Dün de değindiğim olay şu “BİR VARMIŞ, BİR YOKMUŞ” başlığı altında bu coğrafyada gerek geçmişe yönelik olsun, gerek günümüzde olsun, İçişleri Bakanlığı Bünyesinde, özellikle Diyarbakır’da görev yapan bazı Kaymakamların ve Vali Yardımcılarının varlığından bahsetmek istiyoruz.

İnanın, sevgili okurlar.

Demokratik hukuk normlarına uygun olan bir devlet anlayışı; bu tür insanları, bu yöredeki insanları yönetmek üzere görevlendirmez, görev de vermez.

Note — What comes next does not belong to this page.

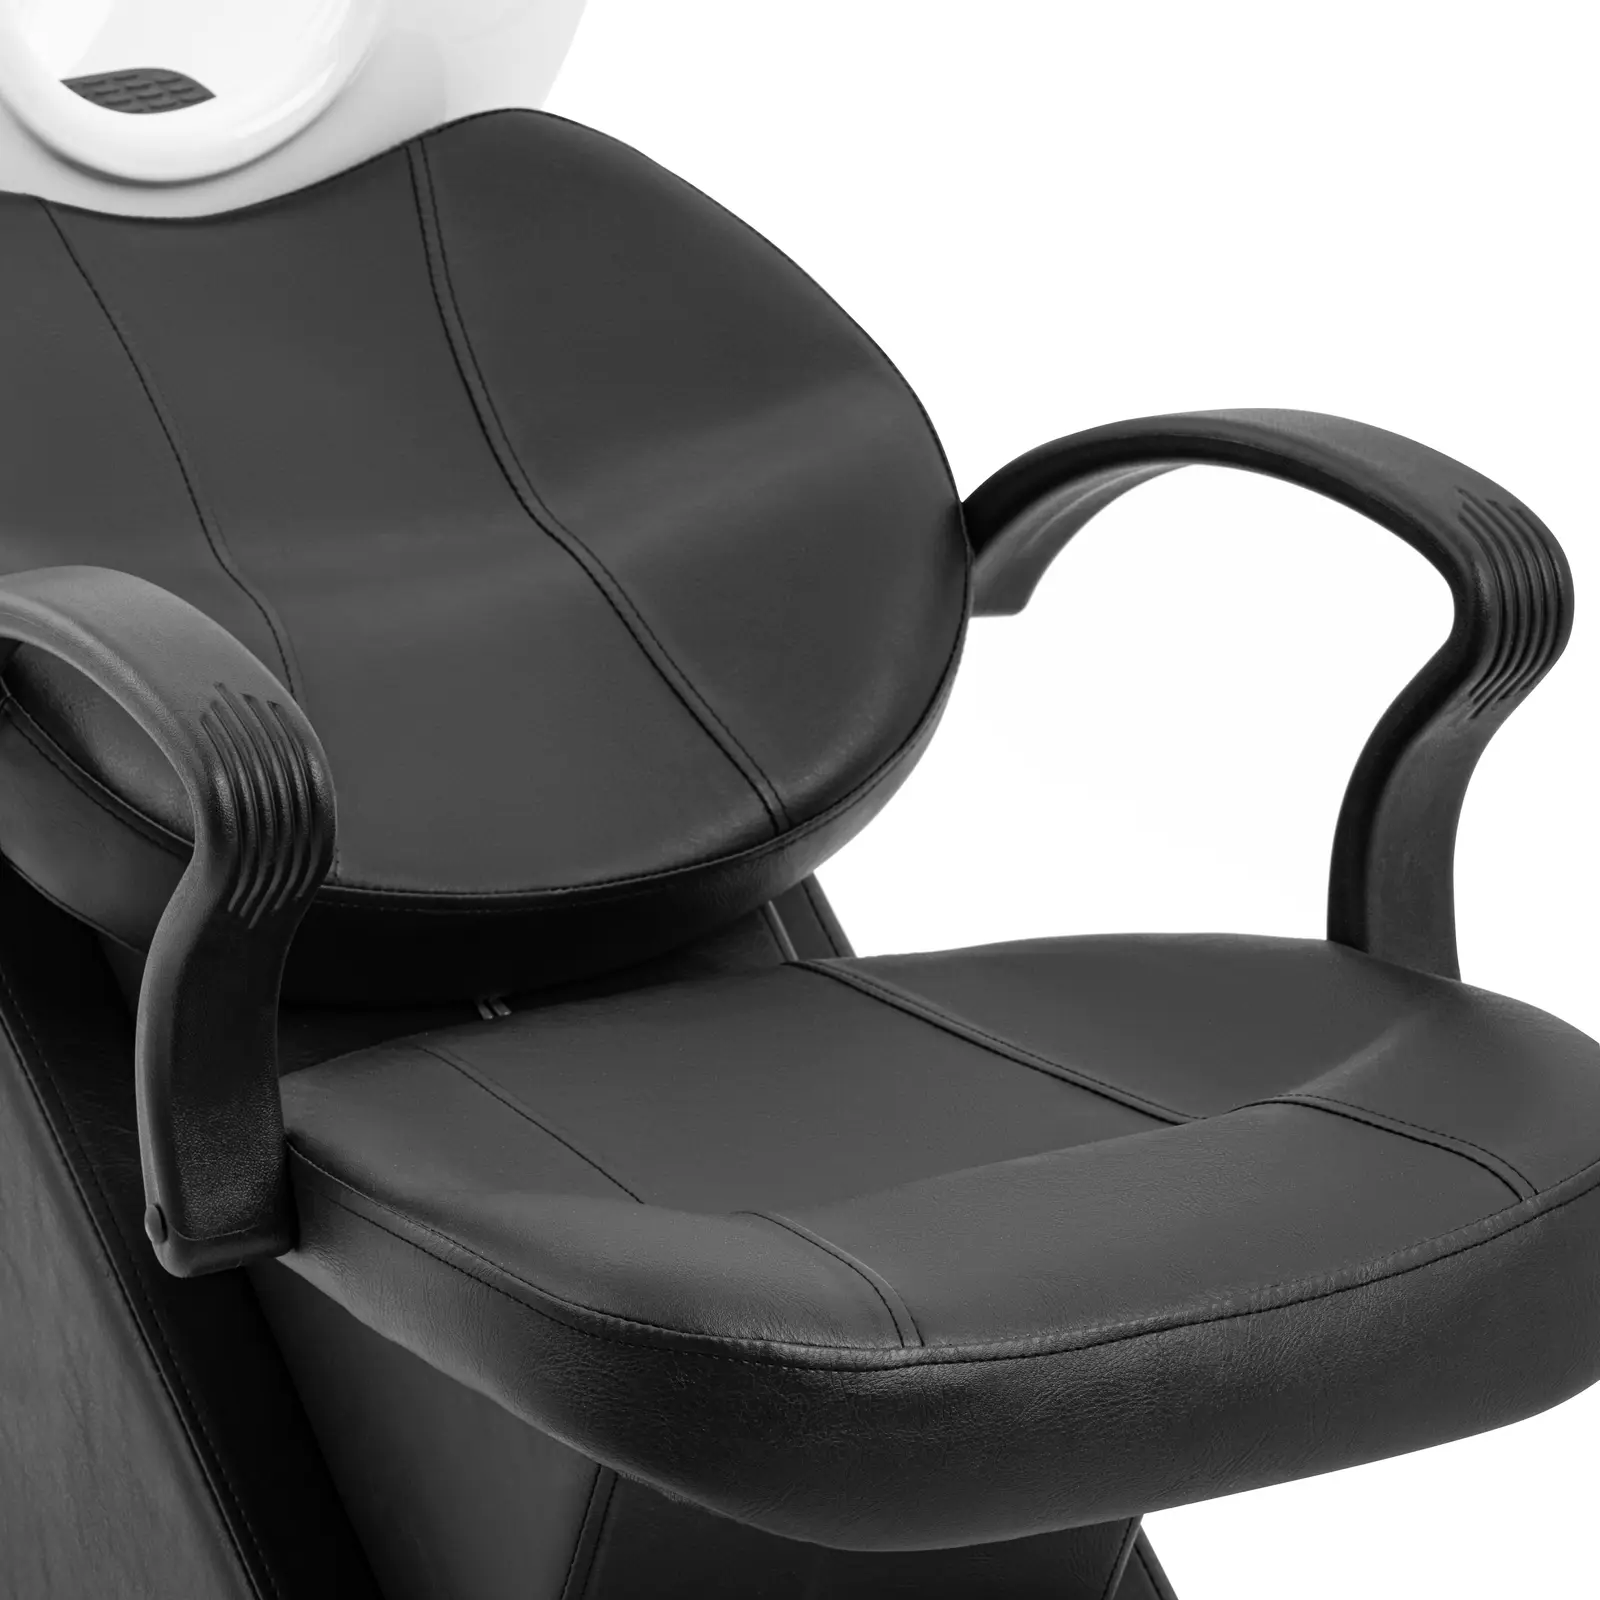 Friseur-Waschbecken mit Sessel - Maße Becken 600 x 450 x 150 mm - Schwarz/Weiß - 2

Bırakın bu yöreye yönelik, devletin bünyesinde bu tür insanlara hiç bir yerde görev verilmemesi gerekir.

Rant, kişisel çıkar, adam kayırma, iradesizlik ve idaresizlik…

Yani iradesi elinde olmayıp da yönlendirilen yöneticilerin varlığı söz konusu olmuştur.

Size geçmişe yönelik çok çarpıcı bir hikâye anlatalım.

İnanın çok uzundur, roman gibi bir hikâye.

Ama bu günlük az olsun diye bir iki paragrafı sizinle paylaşacağım.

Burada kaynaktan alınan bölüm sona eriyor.